How can I view the Discovery blacklist?

Josh Smith · ‎12-15-2021

Hello. I have been fighting with getting consistent, SUCCESSFUL discoveries completed and it seems like there are many issues around classification and identification that are still lingering. With that being said, I have noticed a lot of inconsistencies between my test instances vs production instance in regards to successful network scans. Which has led me to wonder if I have CI's or, even complete networks that have been blacklisted for some reason. Some CI's/Networks are successful in the test instance but not in production, yet there is nothing different between the 2 as far as configuration goes.

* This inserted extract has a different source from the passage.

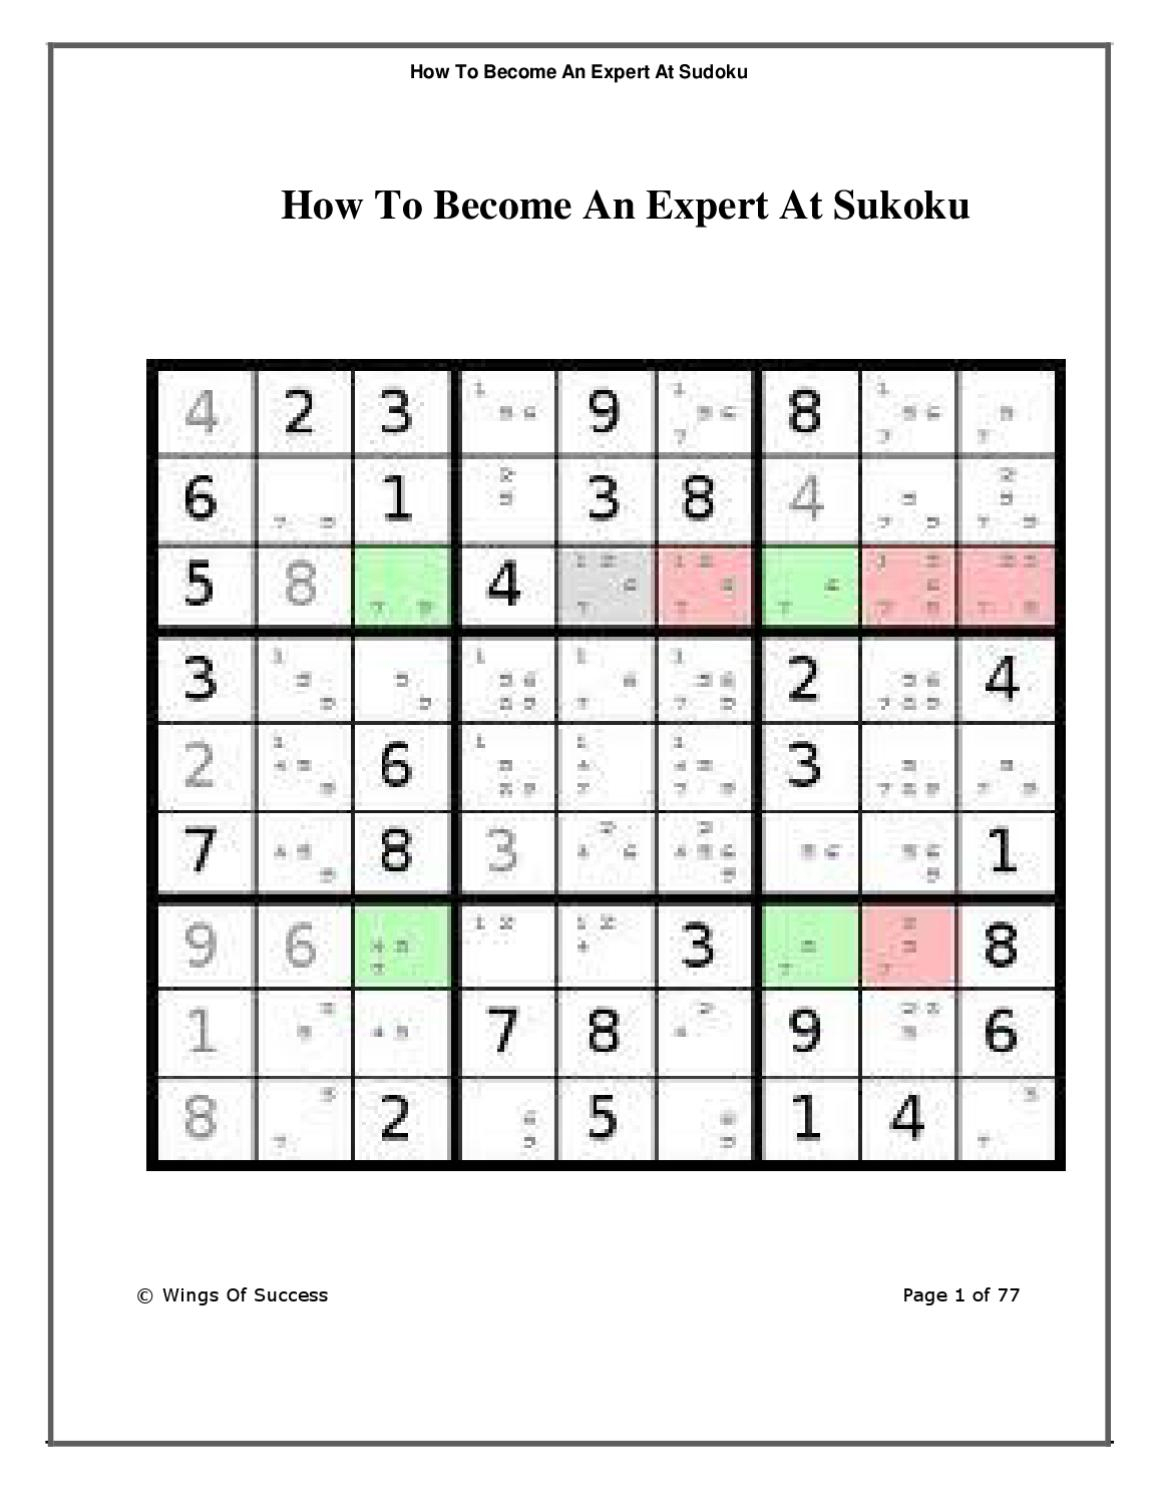 How To Win At Sudokubecky White - Issuu

This has been very challenging so any help would be very appreciated.

Appli · ‎12-15-2021

Hi, please check MID servers first. Do you use different MID servers (one for Test another - for Prod), if so - are they placed to the same IP segment of the Customer network and if the same IP address ranges / capabilities are specified in those MID servers?

Hope it helps

Josh Smith · ‎12-15-2021

Thank you for your reply. As I said, everything is the same on configuration. Same networks, same capabilities, etc.

Appli · ‎12-15-2021

Thank you! May you please share Ok and NOk discovery logs where the same target IP is being discovered?

Hope it helps

Josh Smith · ‎12-15-2021

Well there are 2 examples and both are different. There are 2 CI's that are skipped as "extra IP's" in production that are added in test just fine. The other example is that the networks are skipped entirely in the discovery process. The IP's are not even attempted in the logs.